Between 1907 and 1955, Hunter published nine editions of his high school biology textbook, revising and re-titling his text each time. To this day, educators continue to debate Hunter’s writings, and in so doing, have failed to come to a consensus as to whether his works were scientific, or suspect. In any event, his legacy and his works continue to inflame the passions of scientists and legal scholars around the world.

1 Full title, A Civic Biology: Presented in Problems, 1914, American Book Company. The now defunct American Book Company (ABC) was an educational book publisher in the United States that specialized in elementary school, secondary school and collegiate-level textbooks. 2 On Appeal: John Thomas Scopes v.

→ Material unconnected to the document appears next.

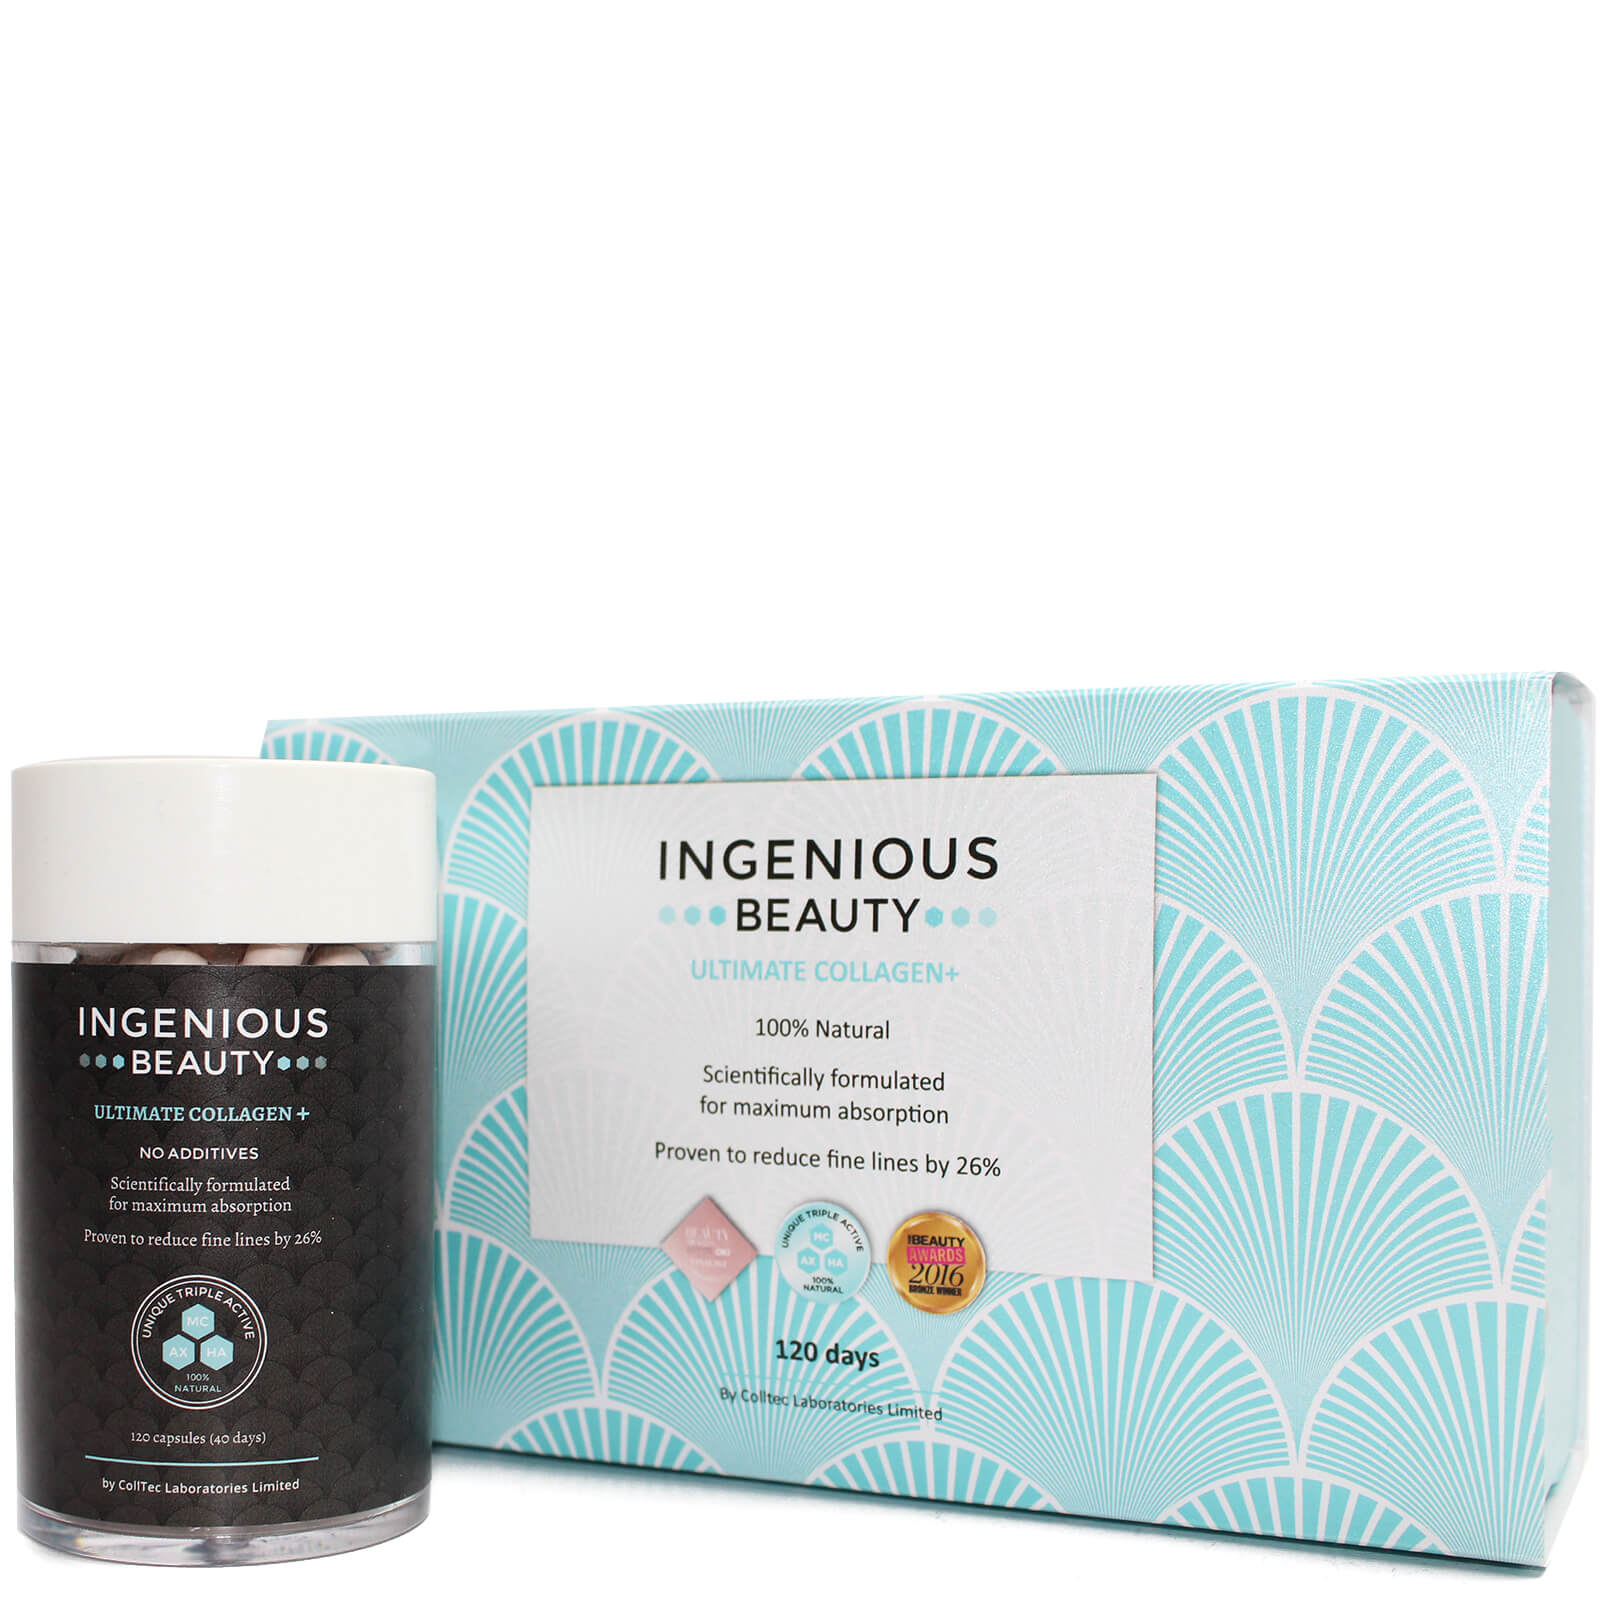 Ingenious Beauty Ultimate Collagen+ Box of 3 Limited Edition
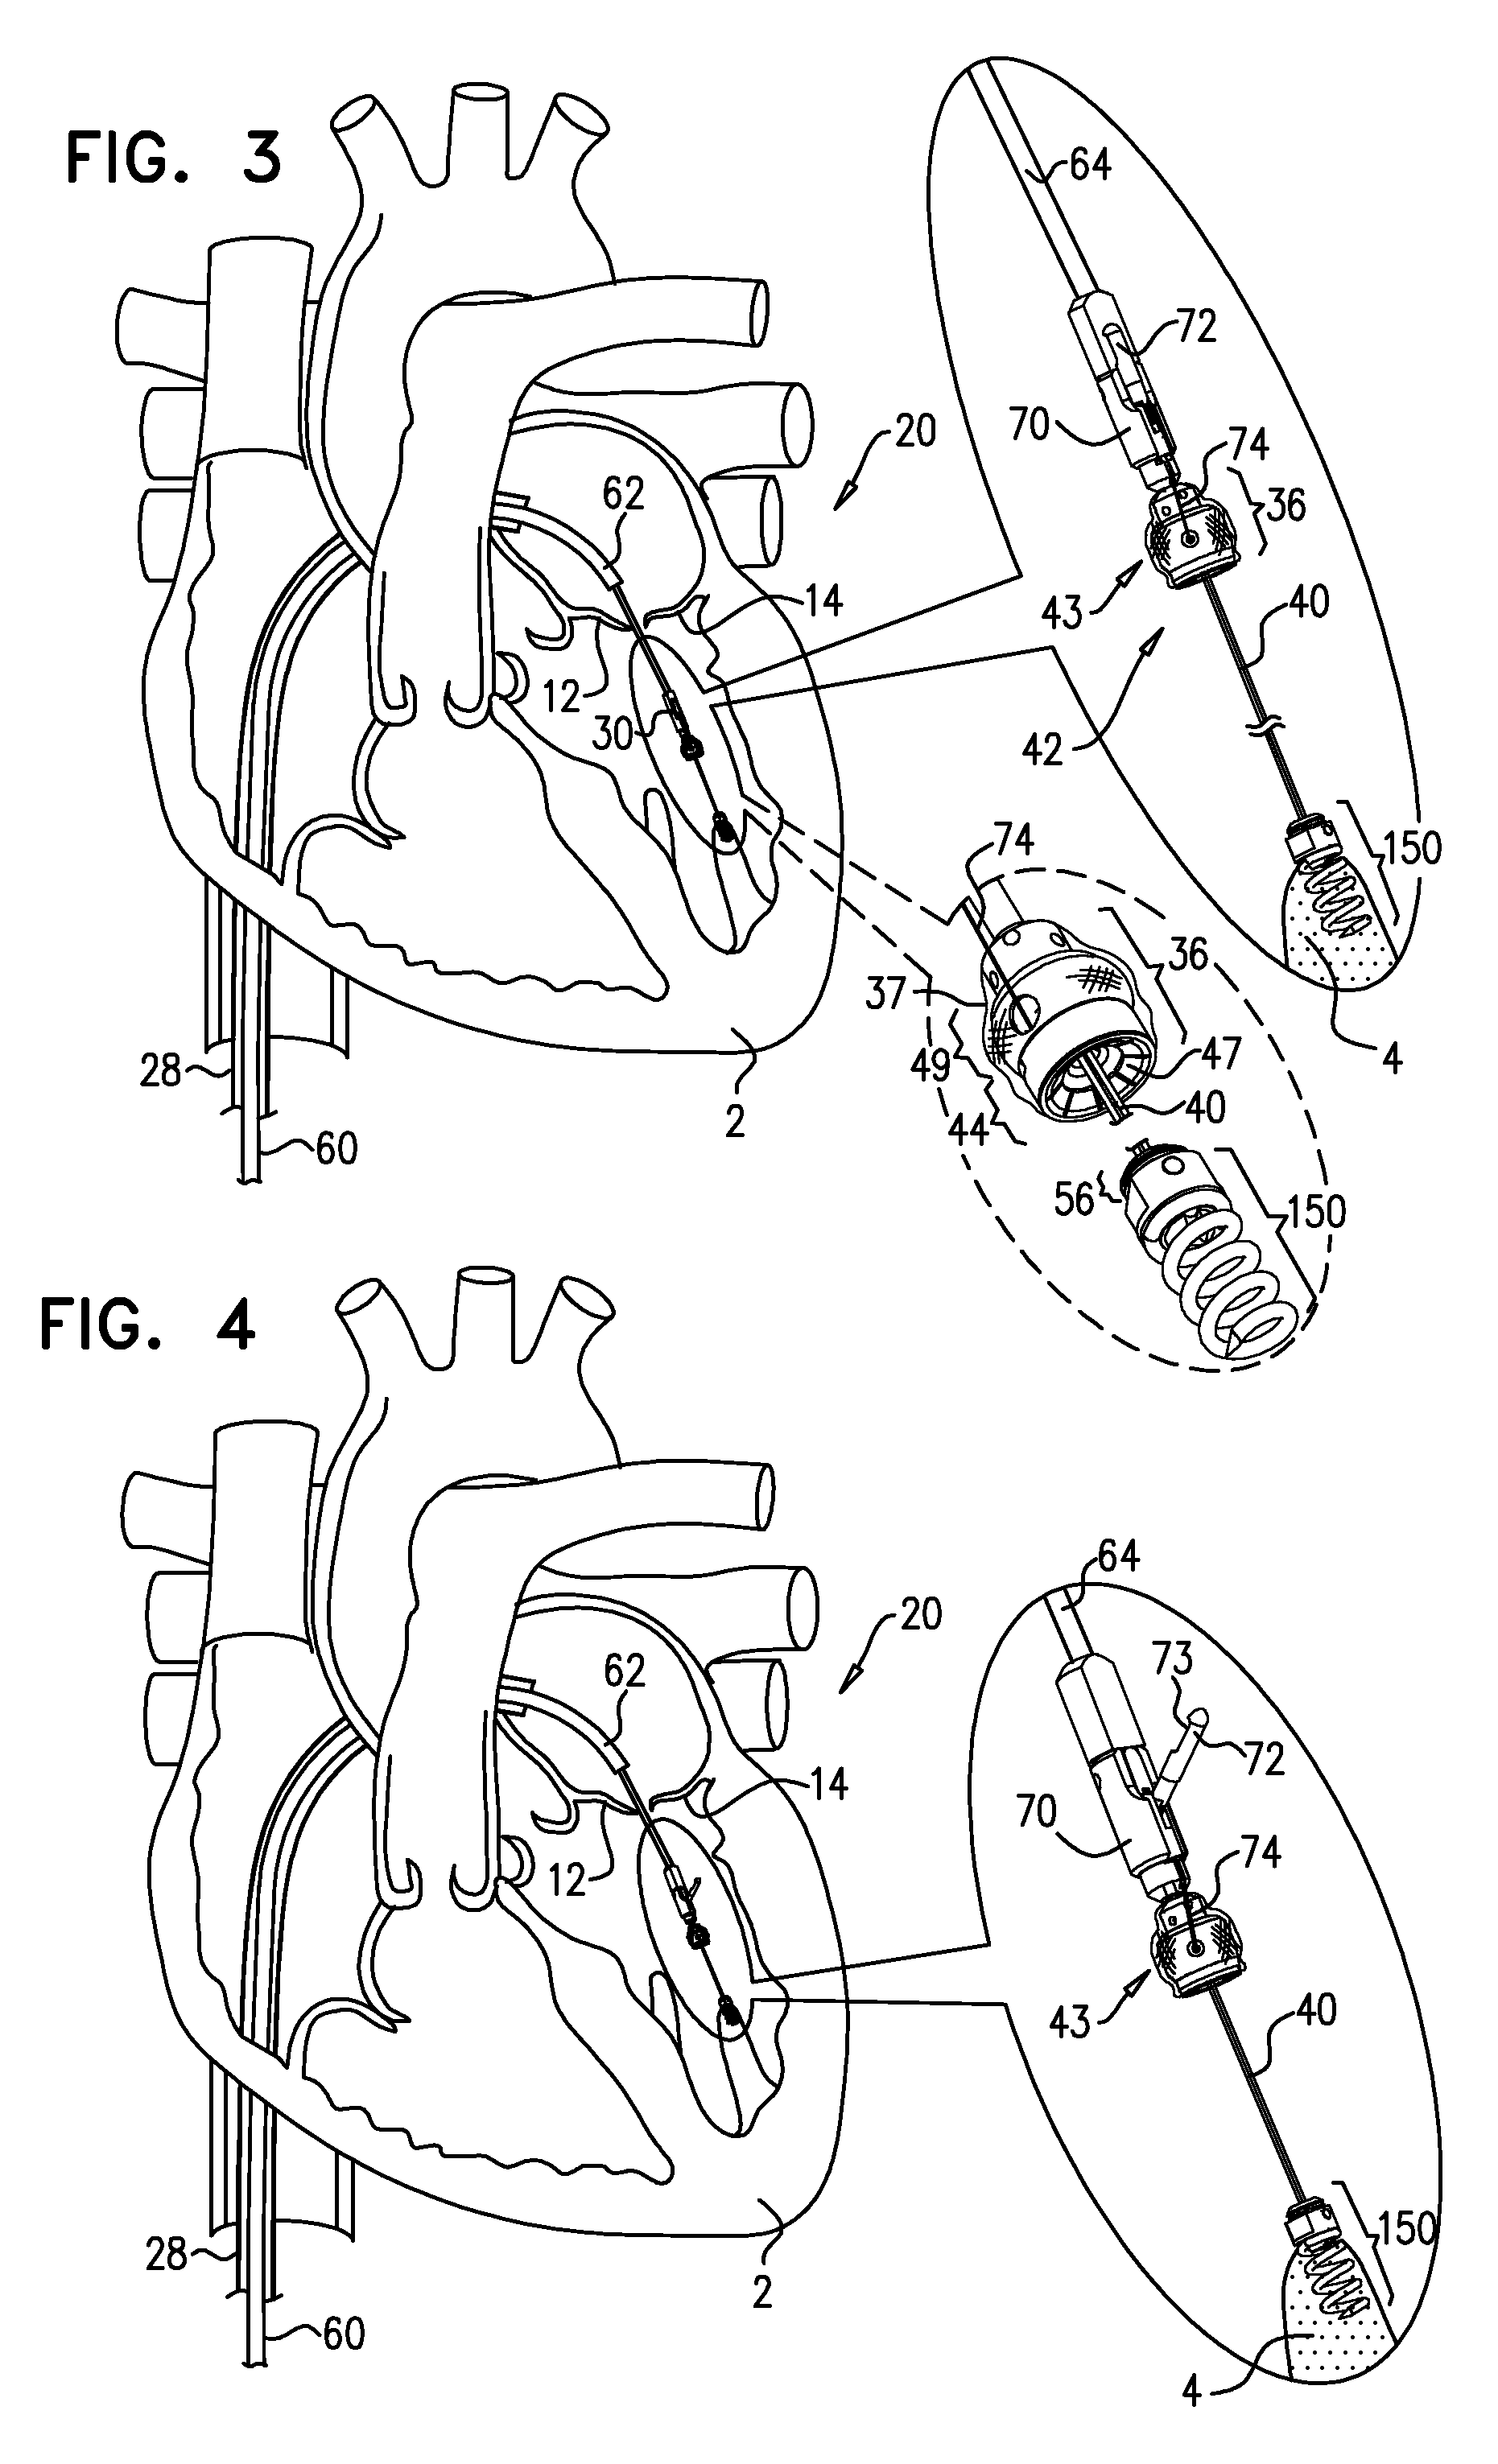 Apparatus and method for guide-wire based advancement of an adjustable implant

State, 154 Tenn. 105, 126, 289 S.W. 363, 369 (1927). 3 The Butler Act was a 1925 Tennessee law introduced by Tennessee House of Representatives member John Washington Butler prohibiting public school teachers from teaching the Theory of Evolution in public schools. 4 The American Civil Liberties Union (ACLU) is a nonprofit organization founded in 1920 to, according to its official history, “Defend and preserve the individual rights and liberties guaranteed to every person in this country by the Constitution and laws of the United States” 5 Excerpted from George William Hunter, A Civic Biology: Presented in Problems (New York, 1914): pp. 193-196, 253-254, 261-263. 6 The Spanish flu, also known as the 1918 influenza pandemic, was an unusually deadly influenza pandemic caused by the H1N1 influenza virus. Lasting from February 1918 to April 1920, it infected 500 million people – about a third of the world’s population at the time – in four successive waves.